Molecular cloning and expression of a dopamine D2 receptor from human retina.

Based on the sequence of a dopamine D2 receptor cloned from rat brain, we prepared a series of oligodeoxynucleotide probes. A mixture of these probes hybridized with a 2.6-kilobase species of mRNA extracted from several rat tissues including retina and, using in situ hybridization of these probes to cryostat sections of rat retina, they densely label the inner nuclear and outer plexiform layers. Labeling was also observed in the inner plexiform and ganglion cell layers. No hybridization was observed to the photoreceptor layers. A similar pattern of labeling was observed in monkey retina, indicating that the probes also hybridize with a homologous primate mRNA. The probes were used to screen a lambda gt10 library of human retina.
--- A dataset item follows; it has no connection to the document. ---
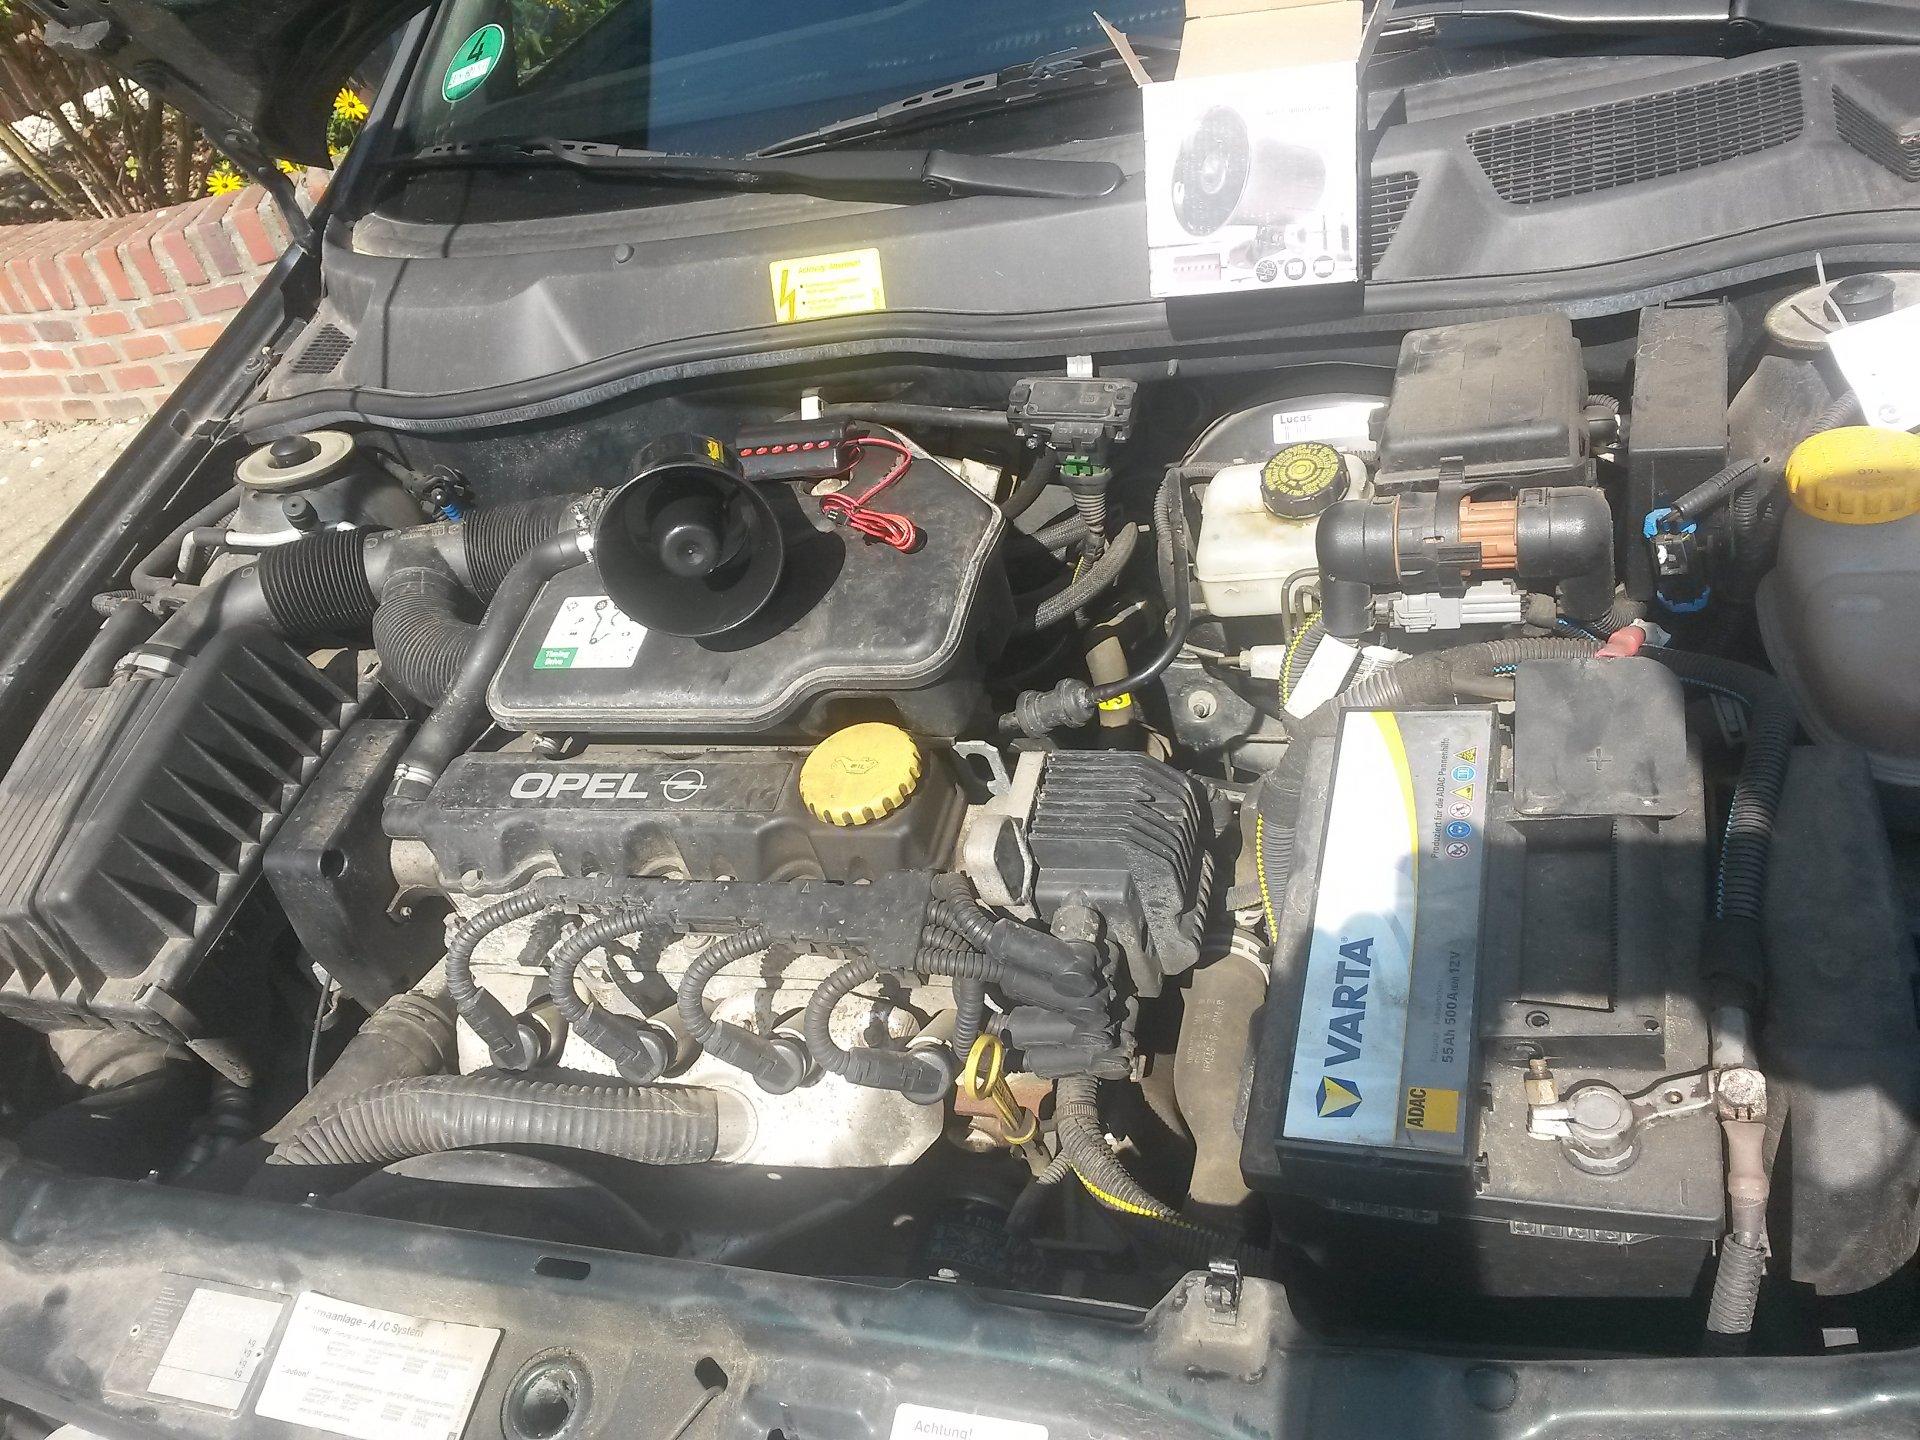 12V Auto-Sirene in Opel Astra G einbauen_02.jpg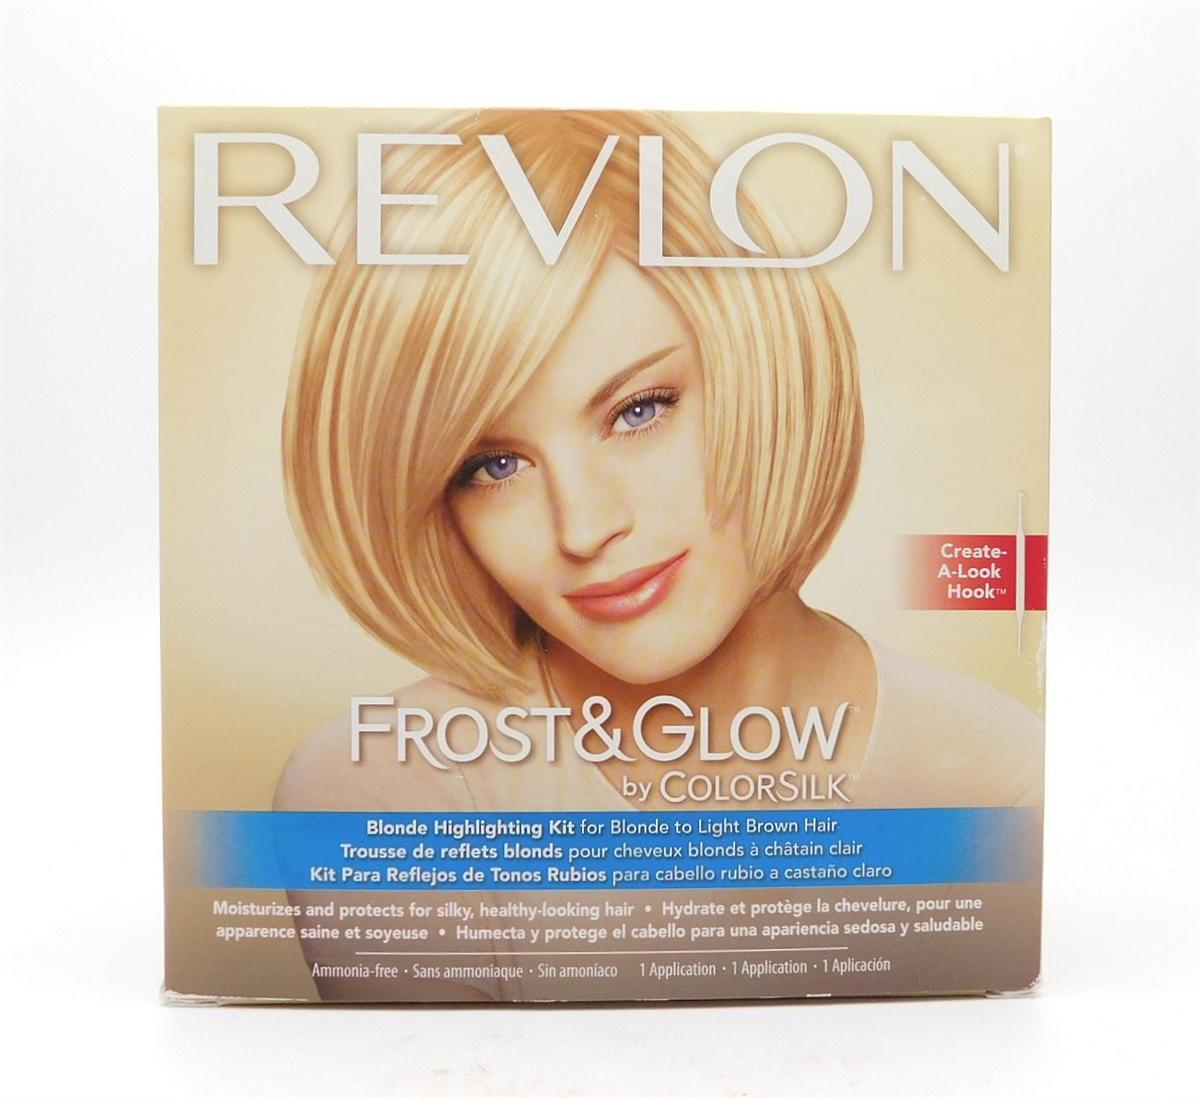 Revlon Frost Glow By Colorsilk Blonde Highlighting Kit For Blonde

A 2.5-kilobase clone was isolated, which encodes a protein that differs from the rat brain protein by 18 amino acids. The 5' and 3' untranslated regions of the human retinal cDNA were also strongly homologous with the rat brain cDNA. The clone was subcloned into the pCD-PS expression vector and transfected into COS-7 cells. The transfected cells bound [3H]-raclopride with a pharmacology expected of dopamine D2 receptors. These data indicate that D2 receptors expressed in the inner retina and outer plexiform layer have genetic identity with those expressed by brain and that the human and rat D2 receptors are derived from highly related genes.